- Task statement -
Take the material below and extract the lines from the one with "dbfd6da24a472 Brown tortoiseshell" through the one with "امتحان نهایی ریاضی 3 - خرداد 98 (PDF)", word for word, without pictures.

- Listed entries -
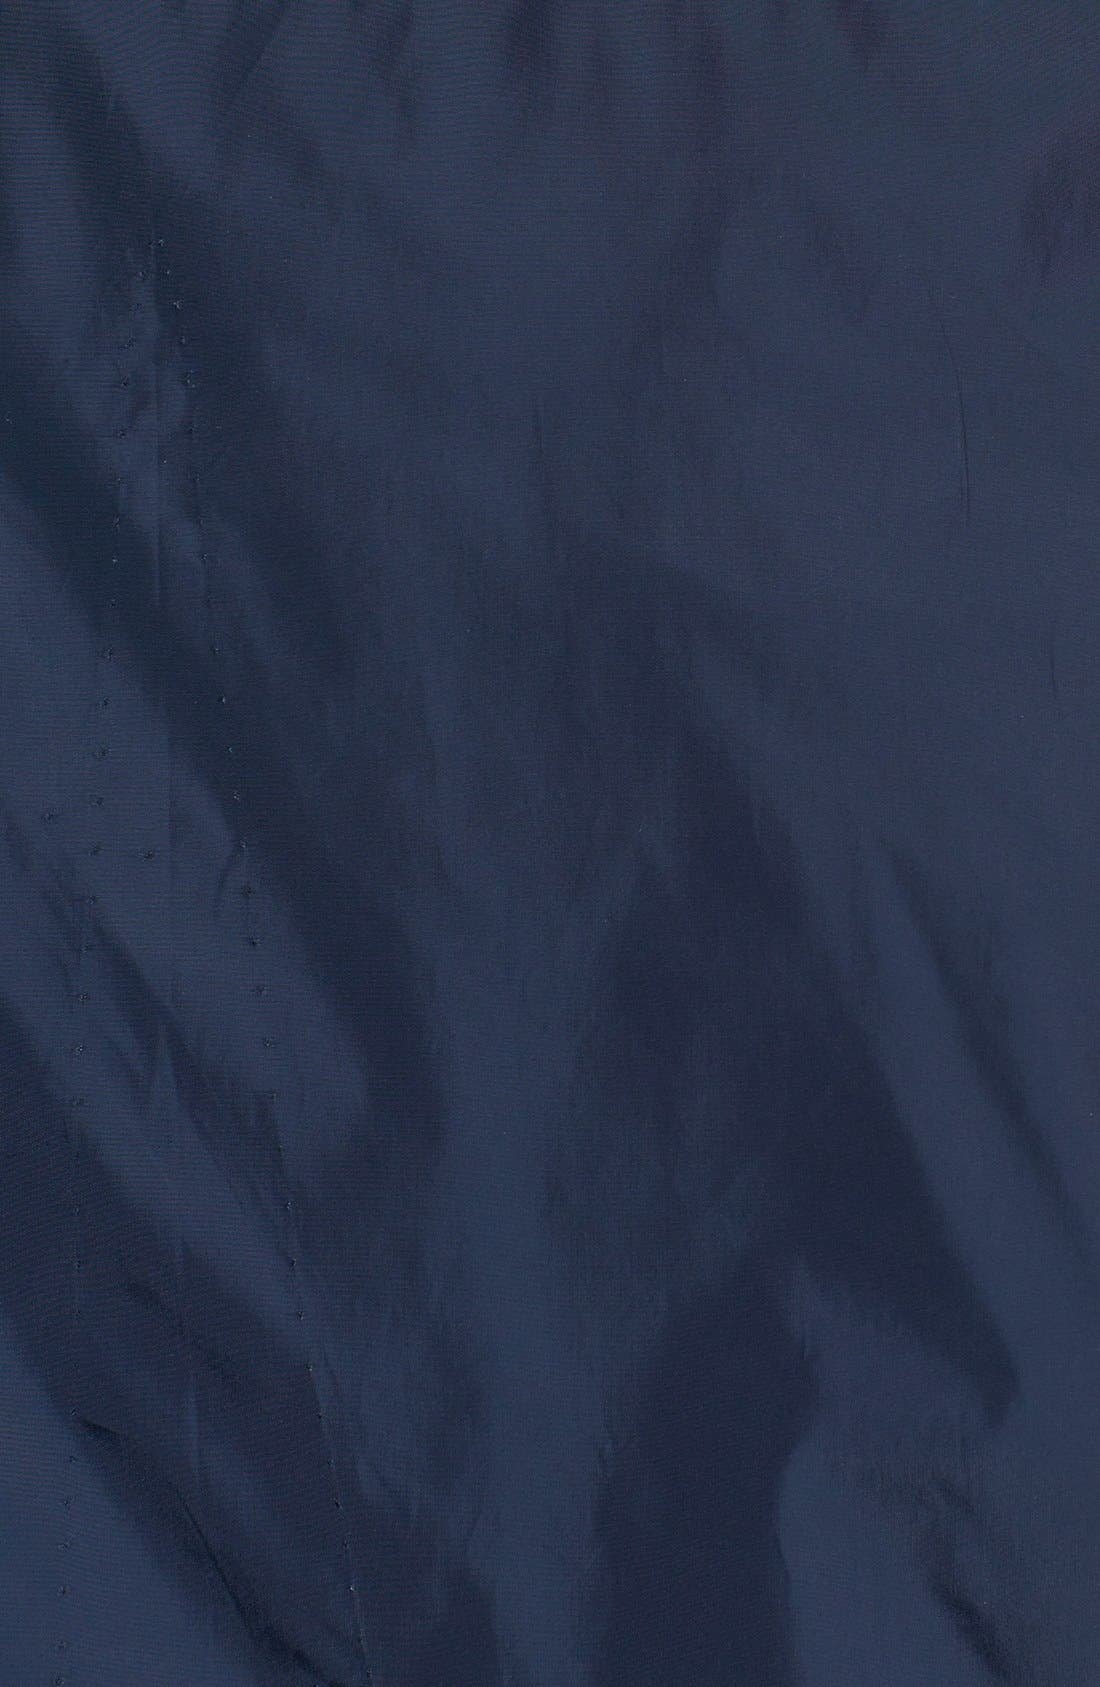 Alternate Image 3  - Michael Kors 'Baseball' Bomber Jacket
--
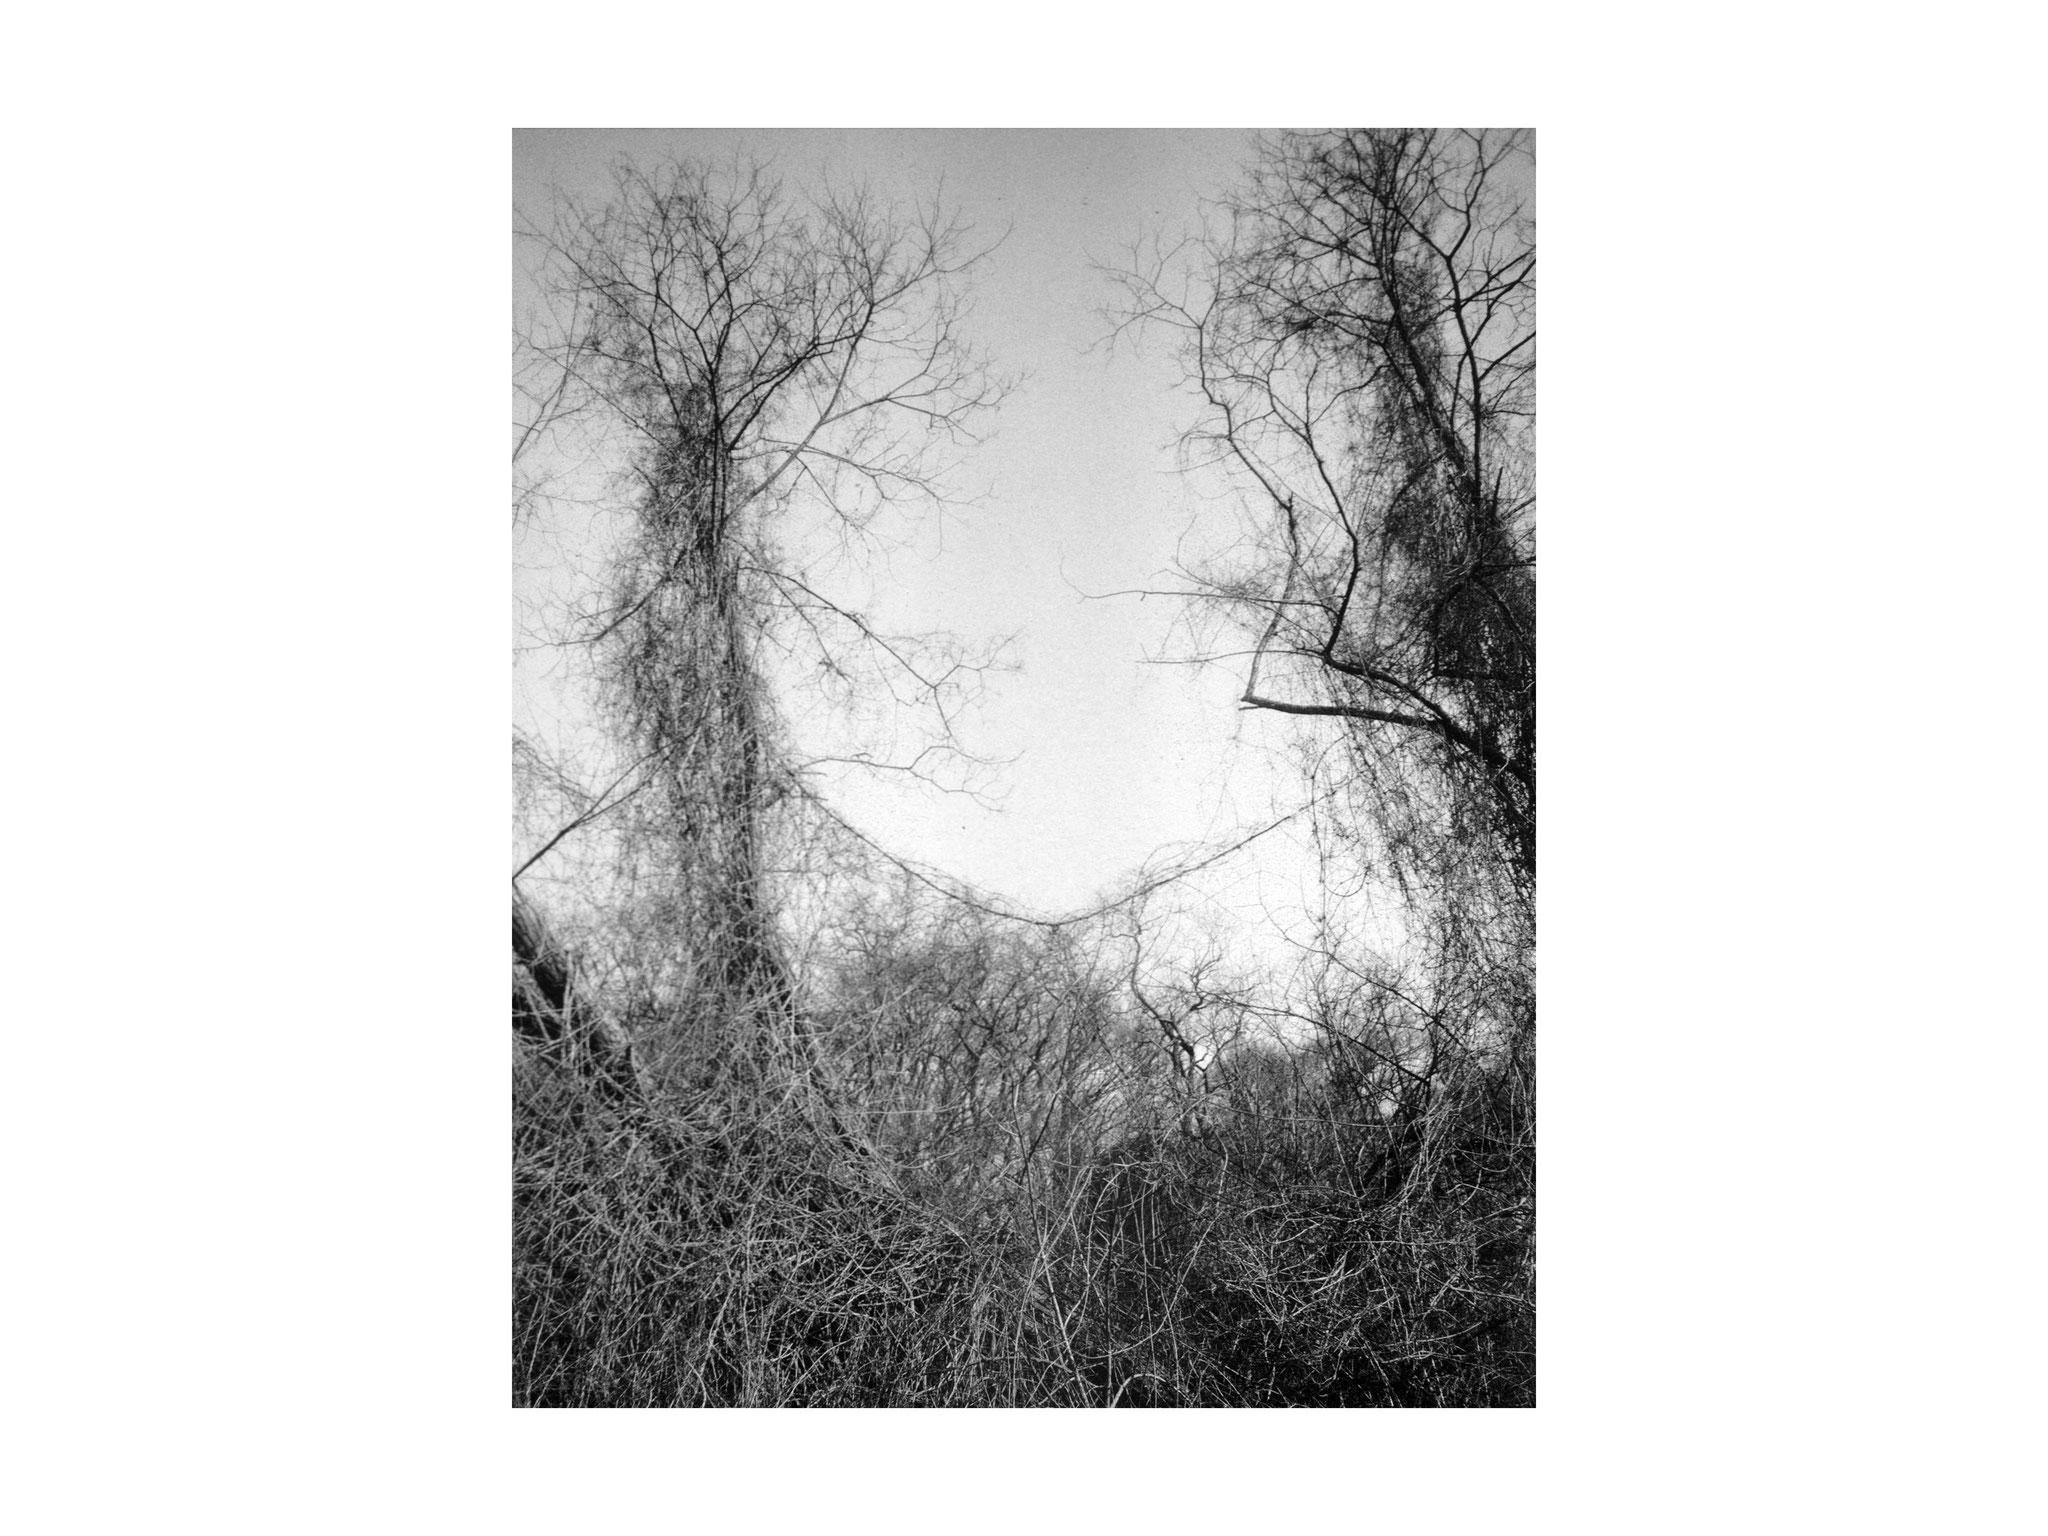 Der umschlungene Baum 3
---
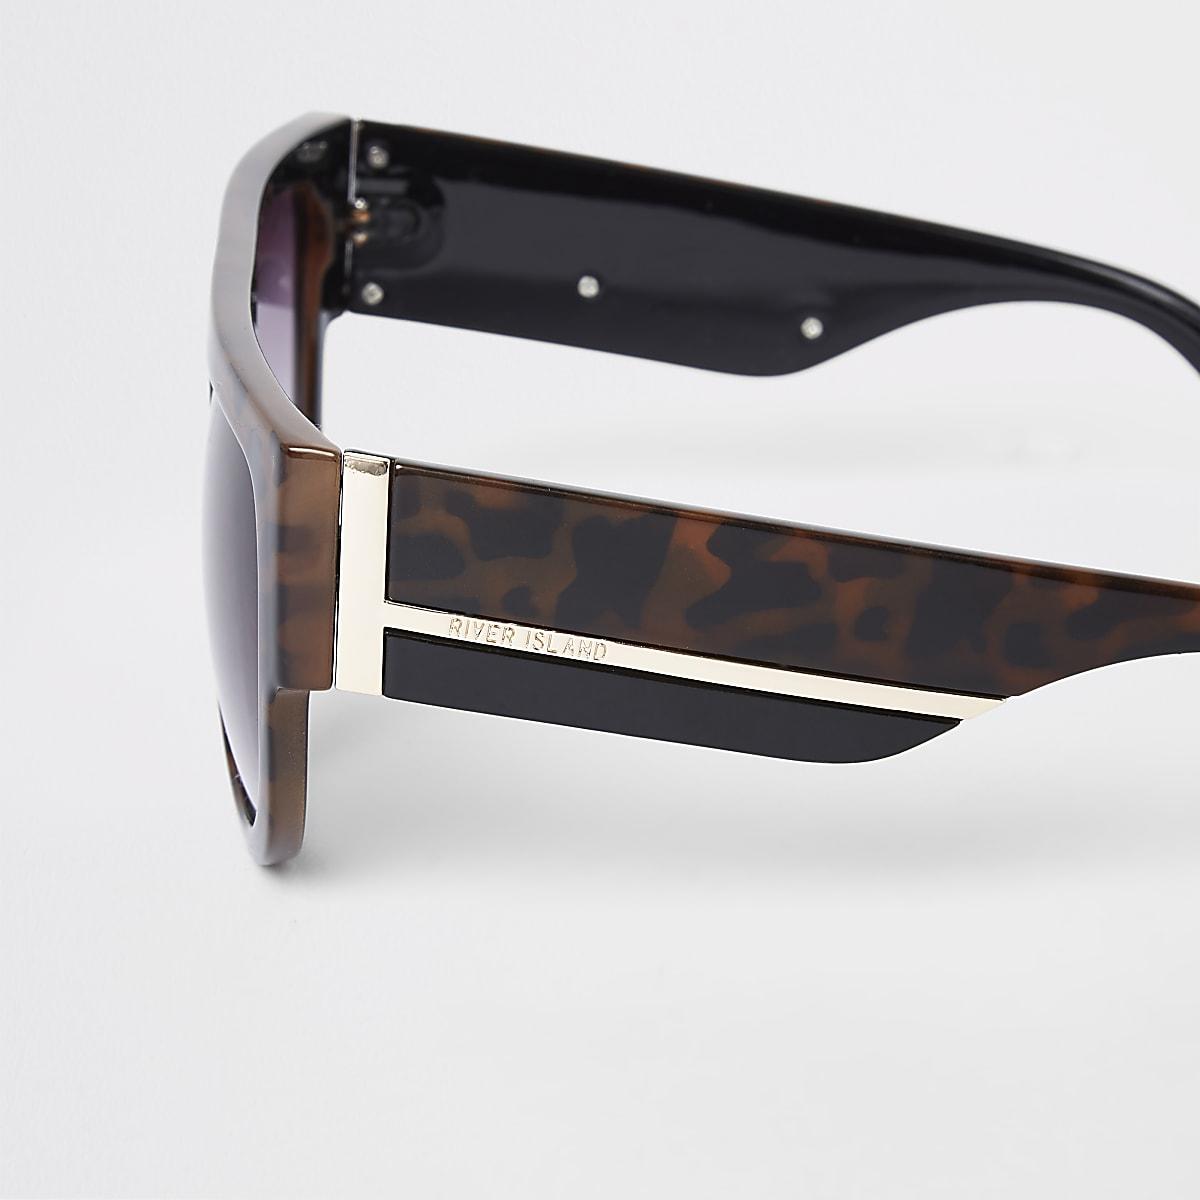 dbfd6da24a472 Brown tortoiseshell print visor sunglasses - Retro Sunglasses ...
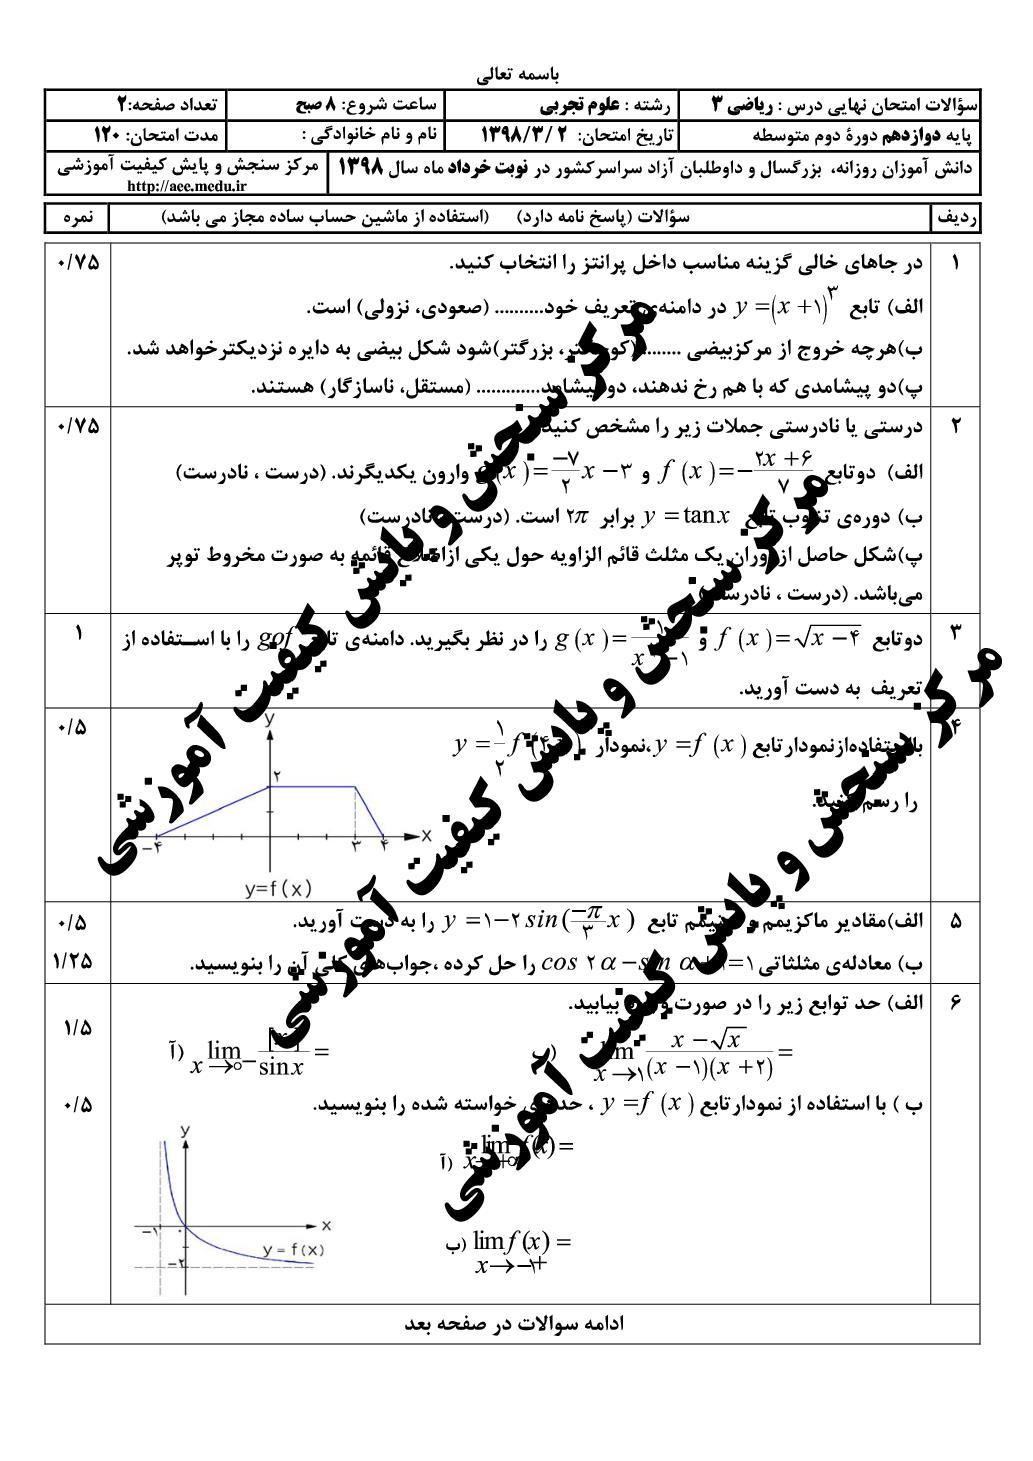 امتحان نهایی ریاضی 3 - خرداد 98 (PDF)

- Answer for this exercise -
 dbfd6da24a472 Brown tortoiseshell print visor sunglasses - Retro Sunglasses ...
 امتحان نهایی ریاضی 3 - خرداد 98 (PDF)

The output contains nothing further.